Dominant and multinational businesses should endeavour to play to the blues and do all within their means to resist the urge of going back to their old ways. Irrespective of the fact that the competition authority is still in its infancy days, it has developed sufficient teeth and is ready to bite. Examples of recent competition law enforcement against powerful companies like Google abound in foreign jurisdictions. Close by in South Africa, Computicket, a ticketing company, was fined in 2019 for abuse of dominance.
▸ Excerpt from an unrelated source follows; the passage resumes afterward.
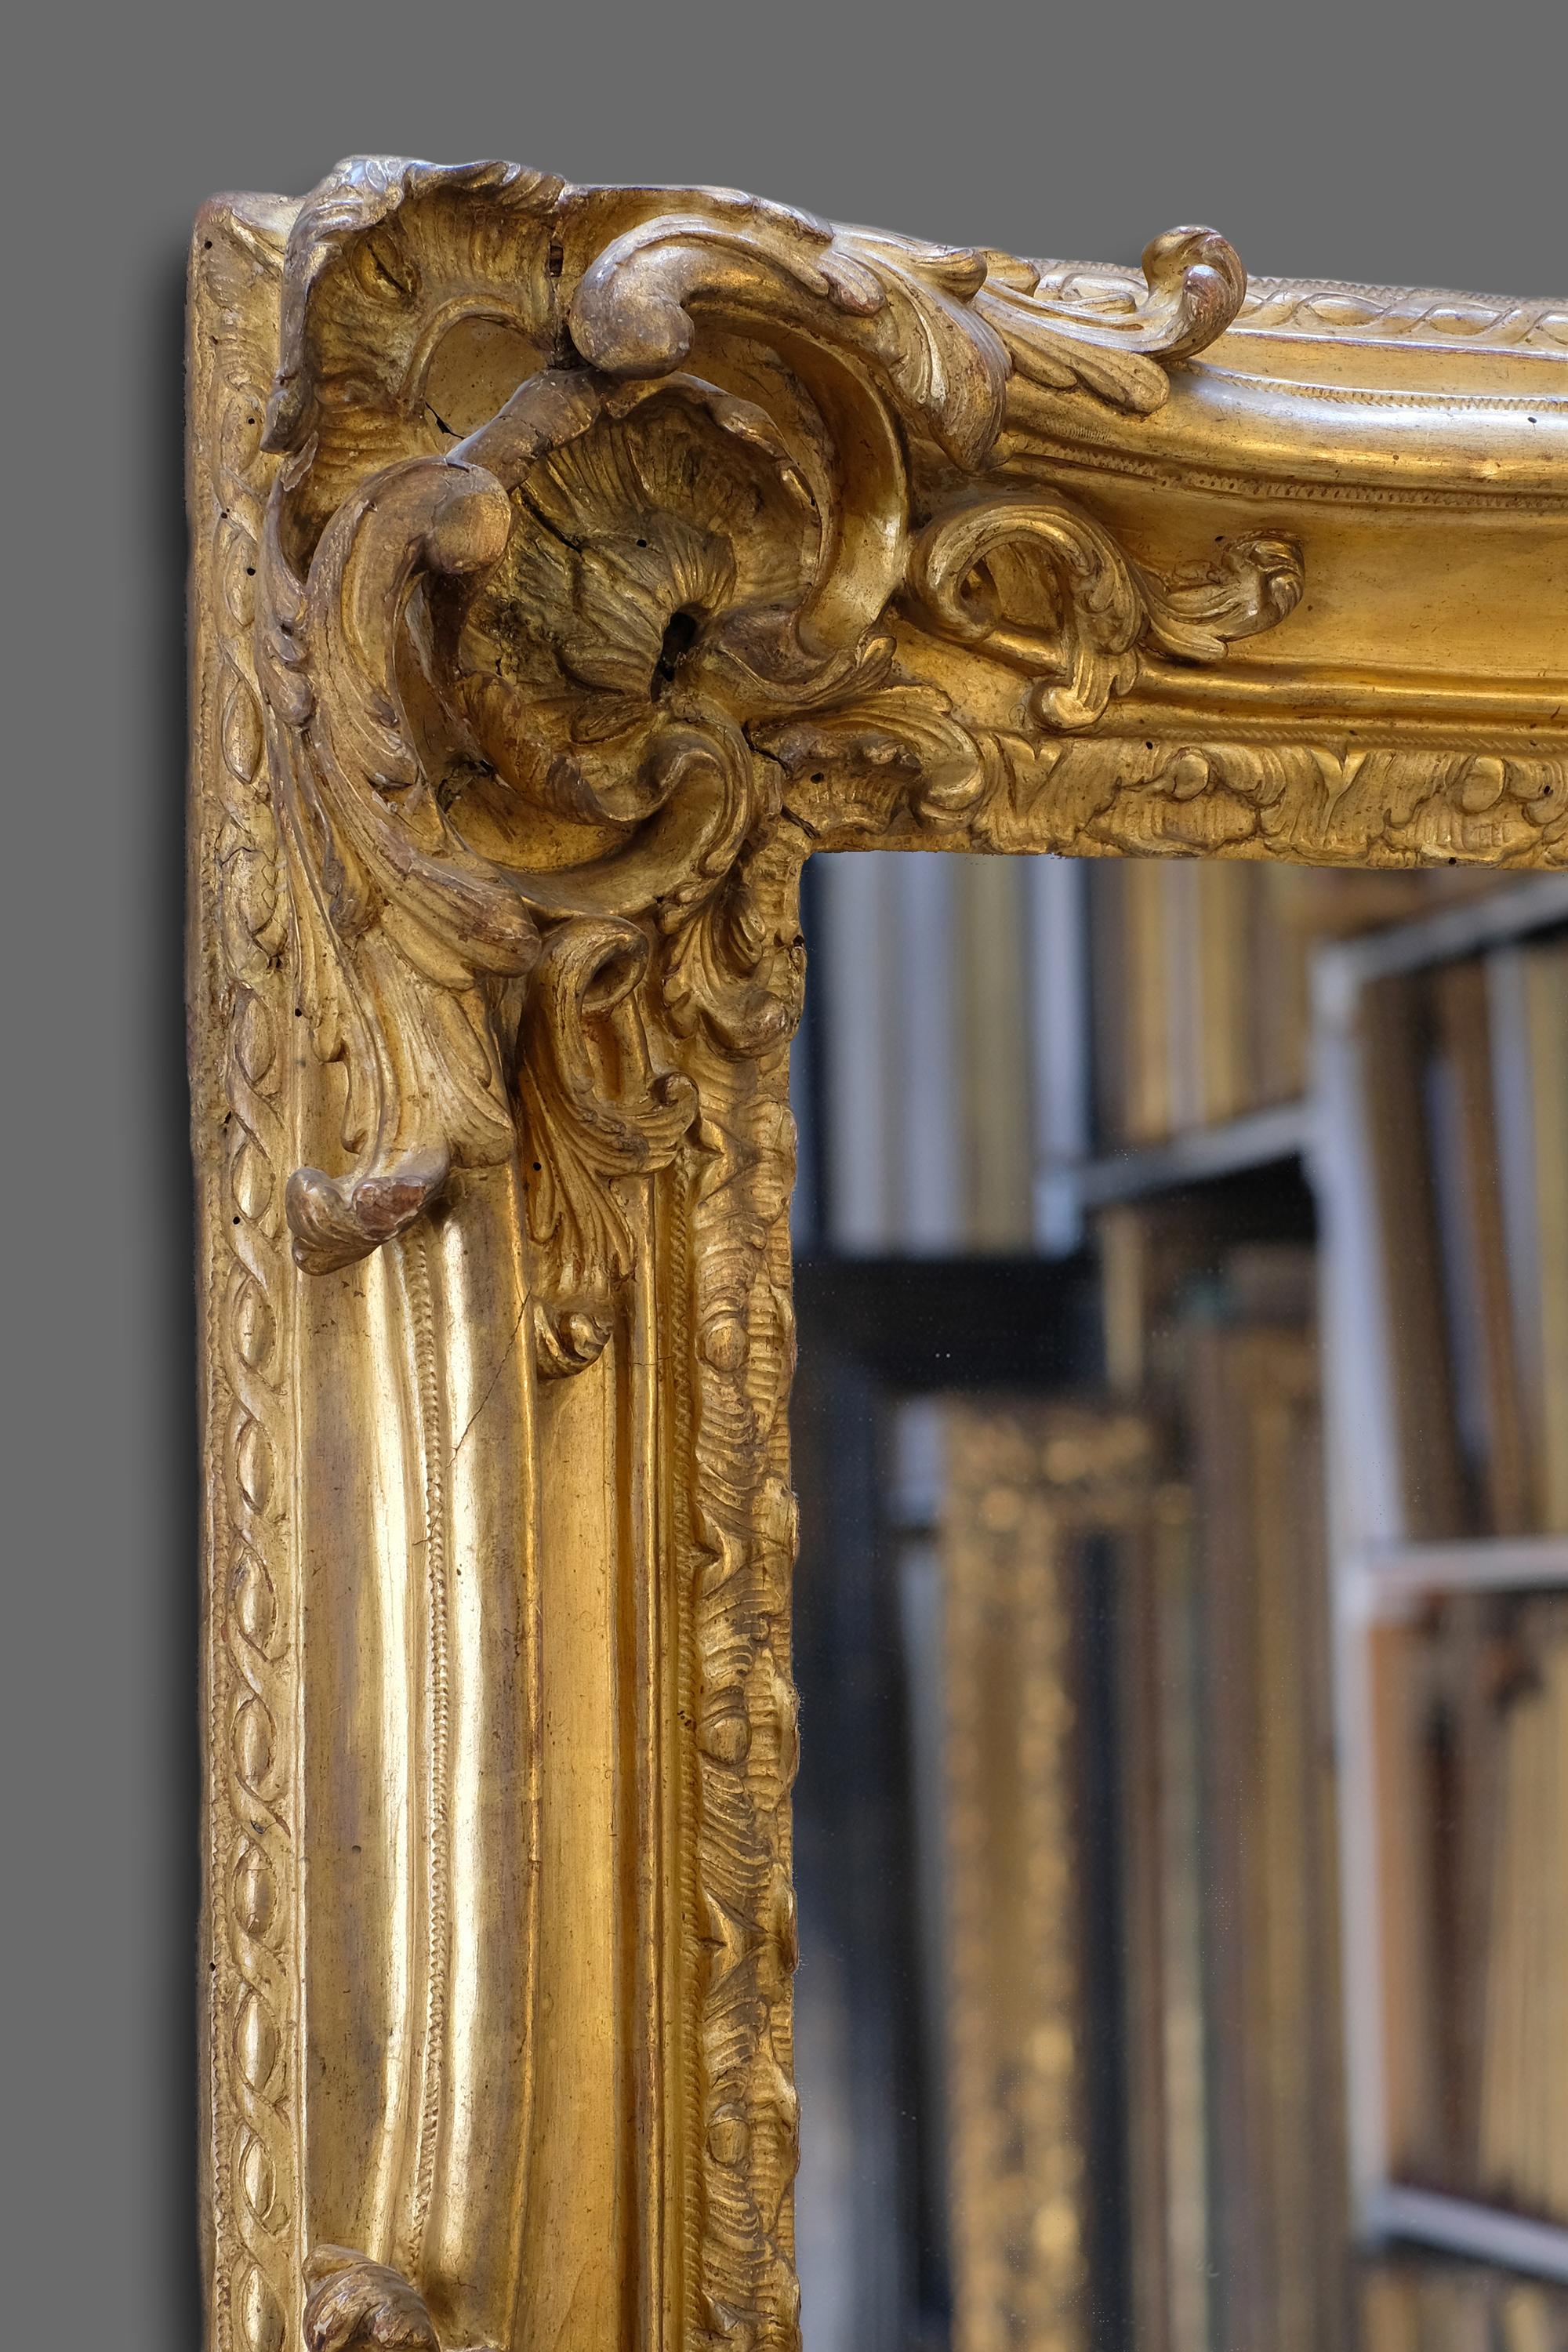 A very elegant and finely hand carved 18th century French Provençal Louis XV Rococo frame. It has a concave profile with carved corner and centre openwork cartouches with foliate scrolls, shells and rocailles on a channeled ground, linked by swept

Ultimately, anticompetitive conduct presents a new business risk to dominant and multinational firms which can be avoided with the right structures and practices in place. Strict compliance is, therefore, a sine qua non; otherwise, businesses may be exposed to both civil and criminal penalties, which have the potential of running the businesses aground.
Play blues, not reggae.
Before you go…
…here are some recent developments in the world of competition law:
School uniform: The Competition Commission of South Africa (CCSA) recently issued guidance on school uniform—yes, you read that correctly. The CCSA has urged schools to ensure that uniform is as generic as possible, so that it can be obtained from as many suppliers as possible. This would allow more suppliers (offering a range of prices) to compete, which would give parents more choice. Schools are also discouraged from mandating that uniform must be bought from specific suppliers, but where this is unavoidable, these suppliers must be selected after a competitive bidding process, and the school must continually ensure that the supplier is actually offering competitive prices. CCSA officials have been visiting schools to raise awareness and to encourage headmasters to sign agreements to enforce the guidance. No sector is immune from anti-competitive practices.
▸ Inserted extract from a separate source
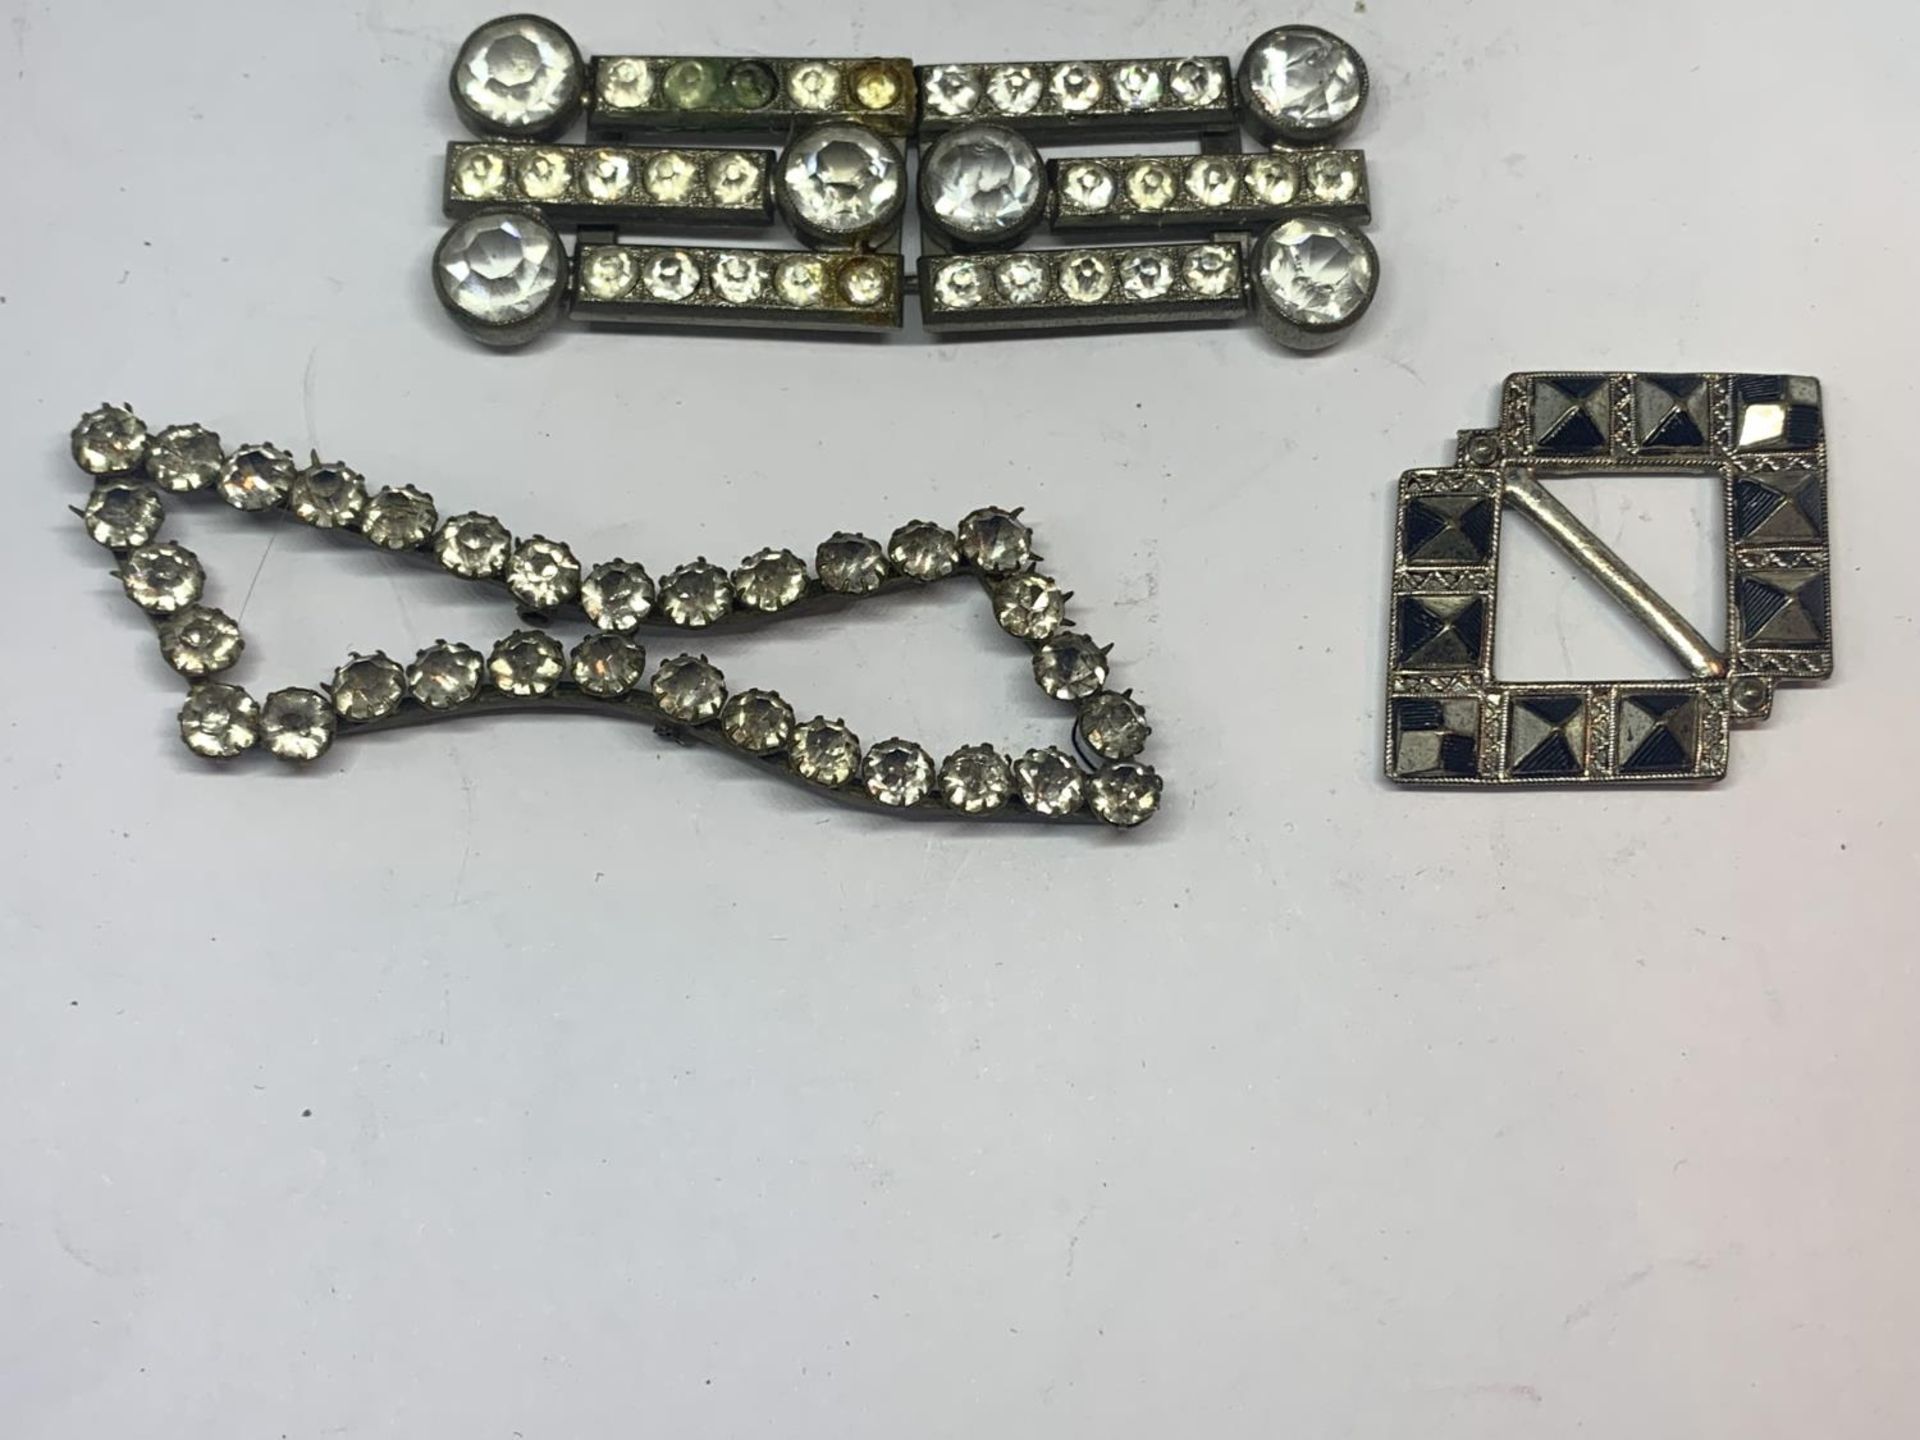 SIX VARIOUS DECORATIVE BUCKLES SOME WITH CLEAR STONES, ONE WITH AGATE ETC - Image 3 of 6

Transparent lending: Quite an old development from late last year, but one that is worth noting nonetheless: the Competition Authority of Kenya (CAK) compelled mobile digital lenders to disclose their terms before disbursing loans to borrowers. The CAK had conducted a study which found that only 27% of digital borrowers were aware of the fees and costs of other digital loan providers, and also that more than 70% of people have, at least once, failed to pay digital loans on time. So, by mandating disclosure of terms, the CAK will make the lending space more transparent. In all, this aims to tackle the problem of predatory lending by allowing borrowers to make more informed choices, while also attempting to reduce the number of defaults in the digital lending space.
This article was previously published on Business Day, but it has been edited slightly for Compedia.
This is a practice whereby businesses temporarily reduce product prices below the average market price in an attempt to increase their customer base and foreclose rivals and upcoming businesses who may not be able to afford to sell below average market price.
See Sections 69(2), 74(2), 107(4)(c), 108(3)(c), 109(3)(c), 111(2)(c), 112(c).